Adoring Carmine Rose Lips.
209 Brush.
182 Brush.
Britwit Blushcreme - SO pretty, I am in love.
Retrospeck e/s.
Satin Taupe e/s.
Fanplastico Lip Laquer - <3.
Blacktrack Fluidline.

Guerlain -
Le 2 De Guerlain Mascara in Brun and Noir.
Meteorites Perles Light Diffusing Perfecting Primer.

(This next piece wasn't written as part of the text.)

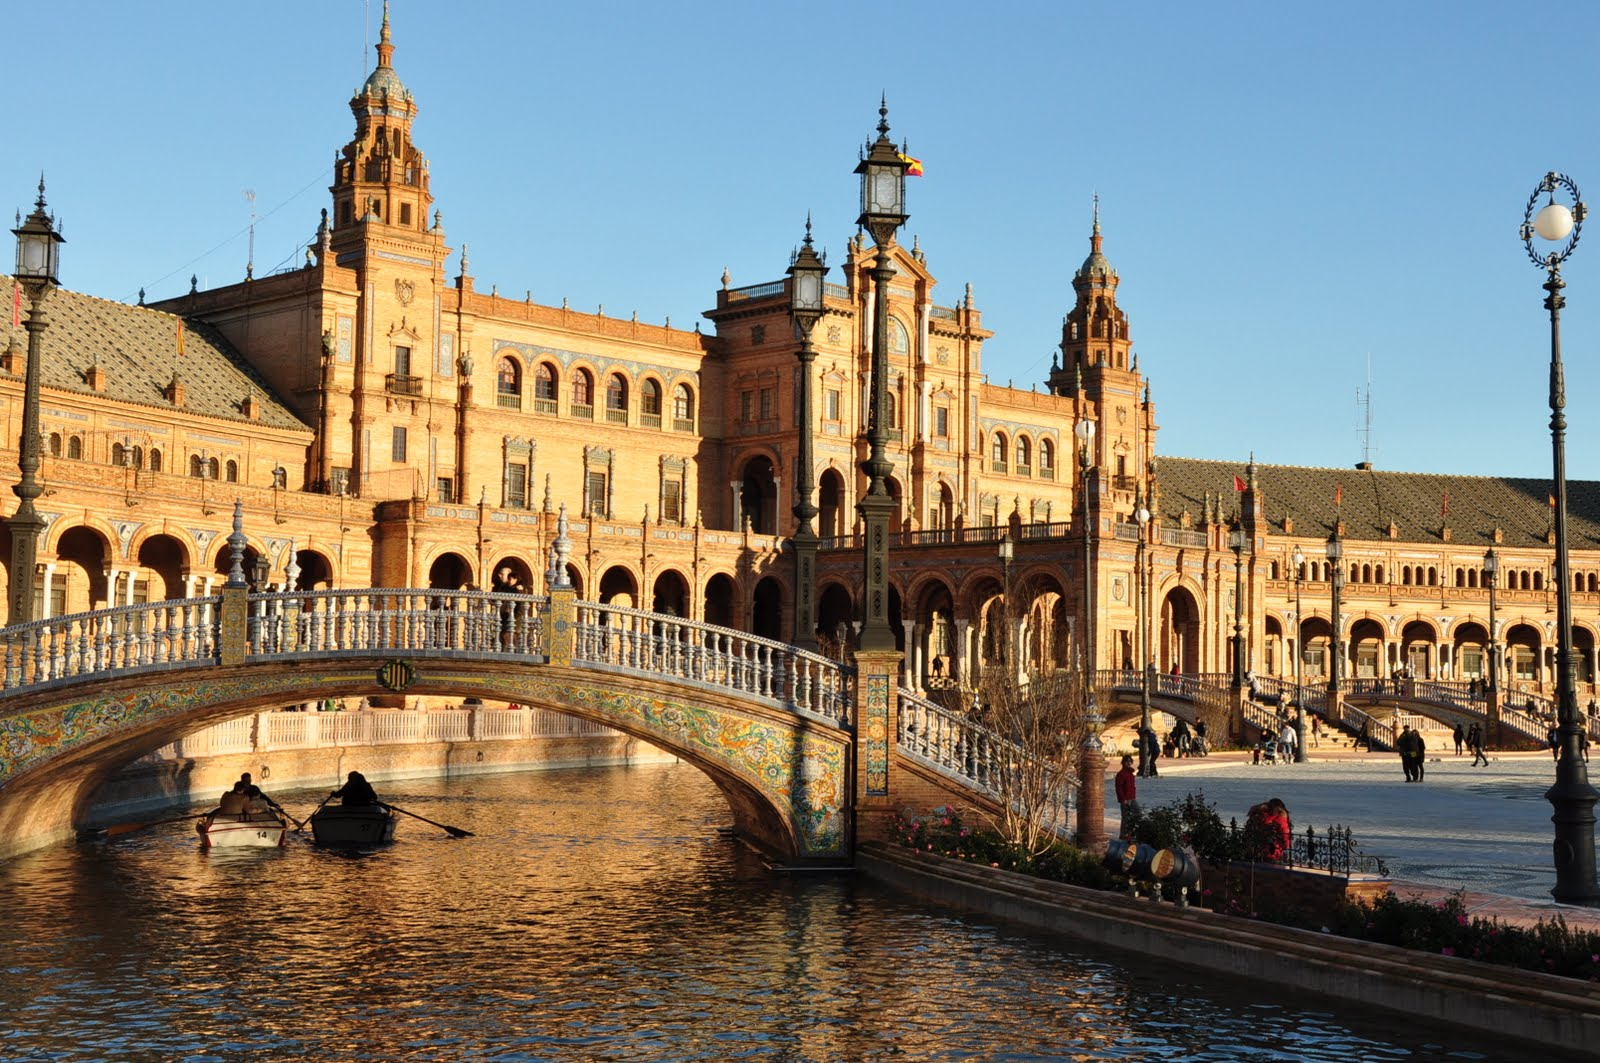 میدان نیم دایره در اسپانیا
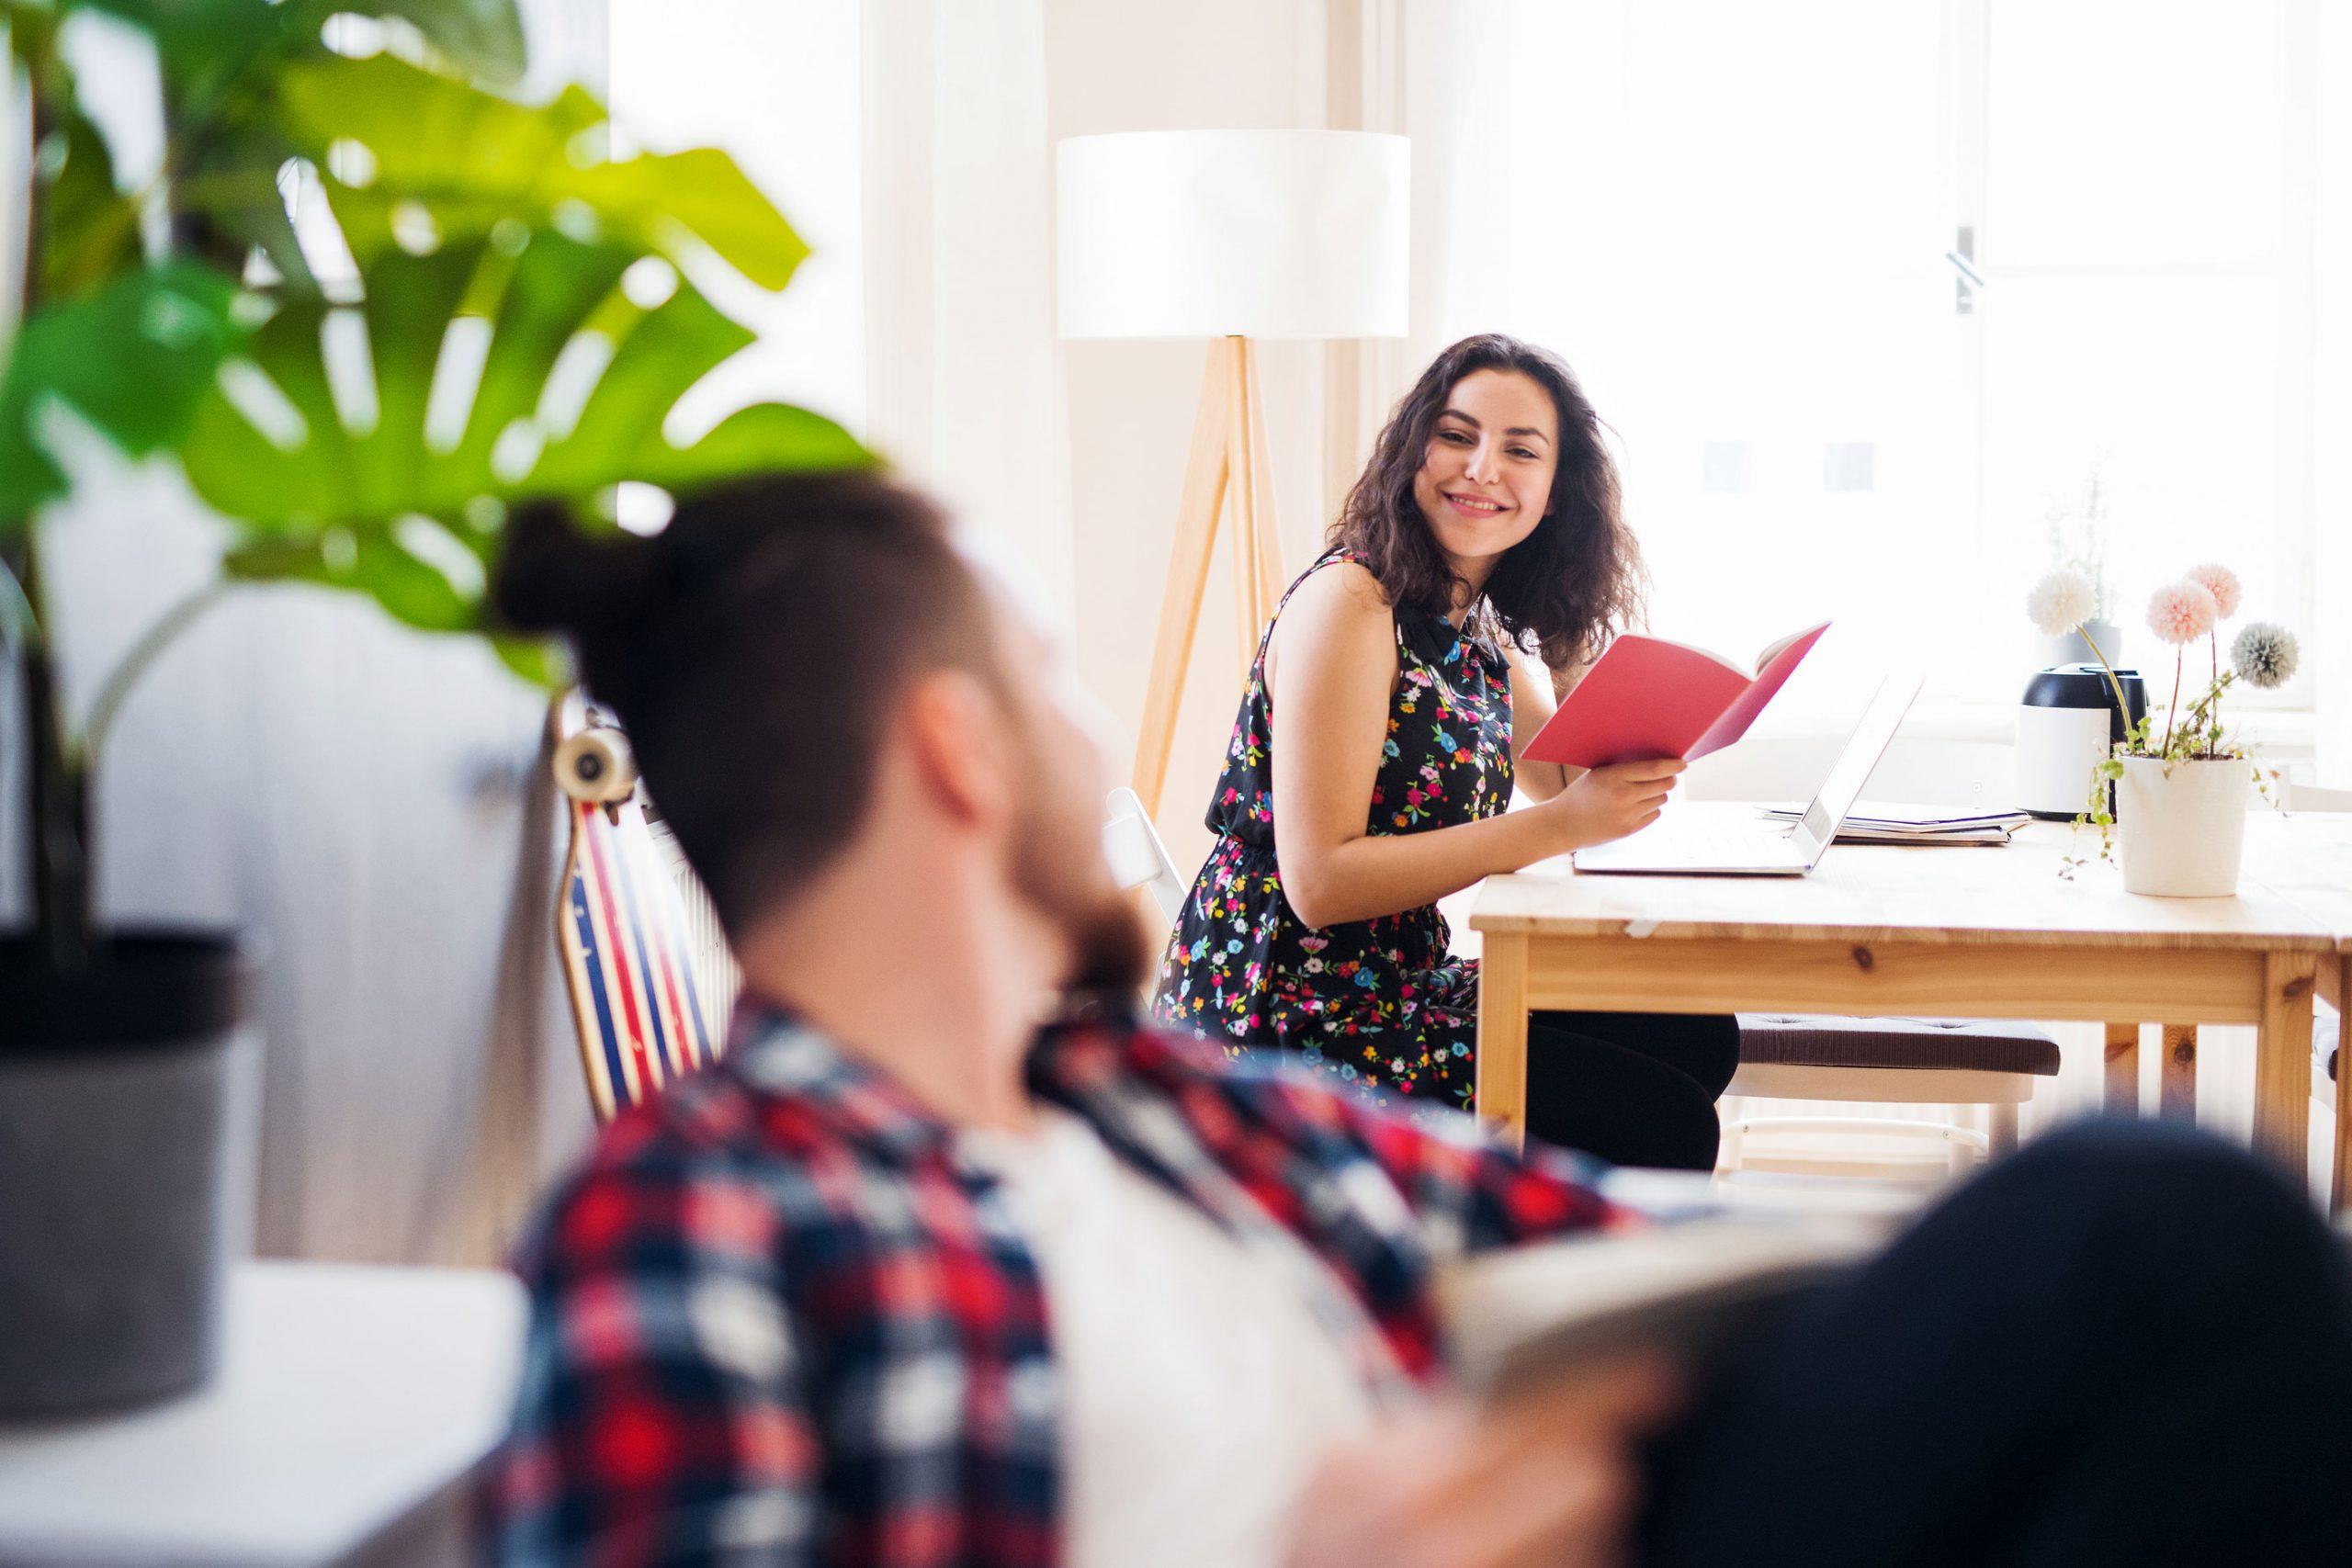 bokollektiv delt leilighet London priser hvordan finne leiepriser

Still awaiting my Little Darlings sets and for a happy ending to all my troubles of 2008!


----------



## miss_primer (Dec 3, 2008)

Nice haul.


----------



## TISH1124 (Dec 3, 2008)

Great stuff


----------



## M!$$_BLinG (Dec 4, 2008)

great stuff
enjoy


----------



## glam8babe (Dec 4, 2008)

enjoy


----------



## banjobama (Dec 4, 2008)

Awesome stuff! I just got Retrospeck eyeshadow too.


----------



## Cindy1969 (Dec 4, 2008)

Enjoy your stuff !


----------



## NatalieMT (Dec 4, 2008)

Thanks everyone! Yeah Retrospeck is lovely, I like sparkles a little bit too much! I hadn't really looked at it much before but I think it's fantastic.


----------



## SiCiLyGiRl (Dec 4, 2008)

nice.. enjoy ur haul


----------



## Lizzie (Dec 4, 2008)

Enjoy your haul.  I hope you have a happy and healthy new year!


----------



## Ms.Matashi (Dec 4, 2008)

Great haul!!! Enjoy.


----------



## Stephy171 (Dec 4, 2008)

nice haul 
	

	
	
		
		

		
		
	


	




 i hope 2009 is a better year 4 you


----------



## lapeno (Dec 5, 2008)

lovely haulage!! Enjoy your goodies!


----------



## NatalieMT (Dec 7, 2008)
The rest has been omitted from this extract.